Zero-trust on-device PII/PHI redaction for sensitive documents. Redacto runs a 4-layer LLM pipeline (Classify → Detect → Redact → Validate) entirely on-device using LiteRT-LM and Gemma 4 E2B — no cloud, no INTERNET permission, no BAA required. Supports 7 document categories: Medical, Financial, Legal, Tactical, Journalism, Field Service, and General.
Built for the Qualcomm × Google LiteRT Developer Hackathon 2026 by team Edge Artists.
- Android Studio Meerkat or later
- Android SDK 36, JDK 21 (bundled with Android Studio)
- Device: any arm64 Android 12+ device with 8+ GB RAM (tested on Galaxy S25 Ultra and S24)

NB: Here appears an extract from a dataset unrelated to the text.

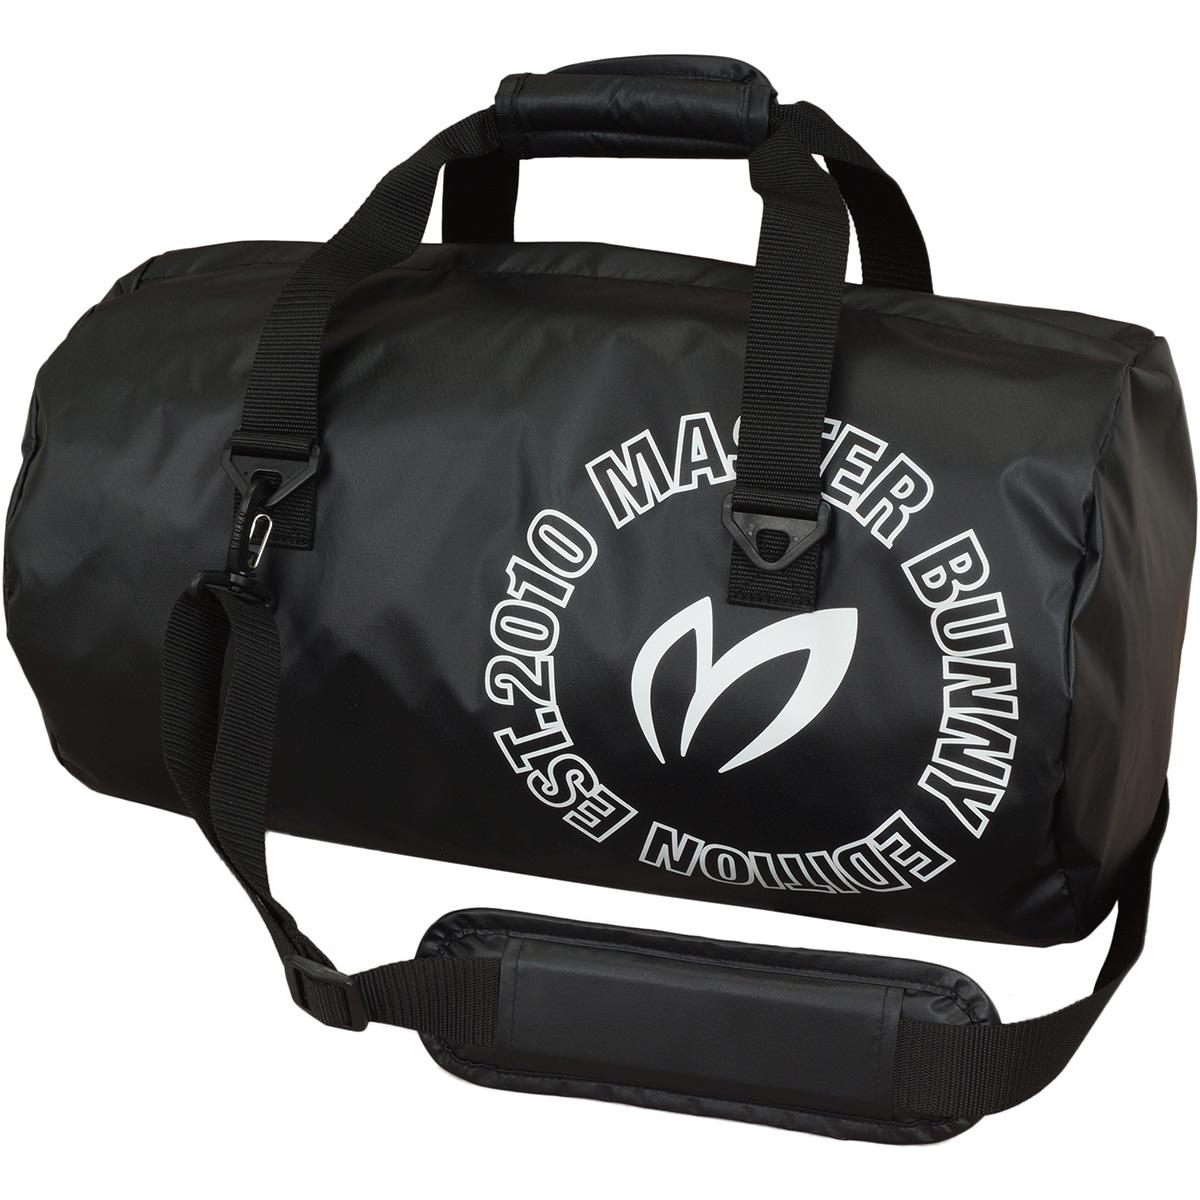 10thサークルロゴ ボストンバッグ

Download from litert-community/gemma-4-E2B-it-litert-lm on HuggingFace (Apache 2.0 license):
| File | Size | Use |
|---|---|---|
gemma-4-E2B-it.litertlm |
~2.4 GB | CPU/GPU inference (all devices) |
gemma-4-E2B-it_qualcomm_sm8750.litertlm |
~2.8 GB | Snapdragon 8 Elite NPU (S25 Ultra only) |
The GPU/CPU model must be pushed manually. The NPU model is bundled in the APK and auto-extracts on first launch — but you can also push it manually if needed.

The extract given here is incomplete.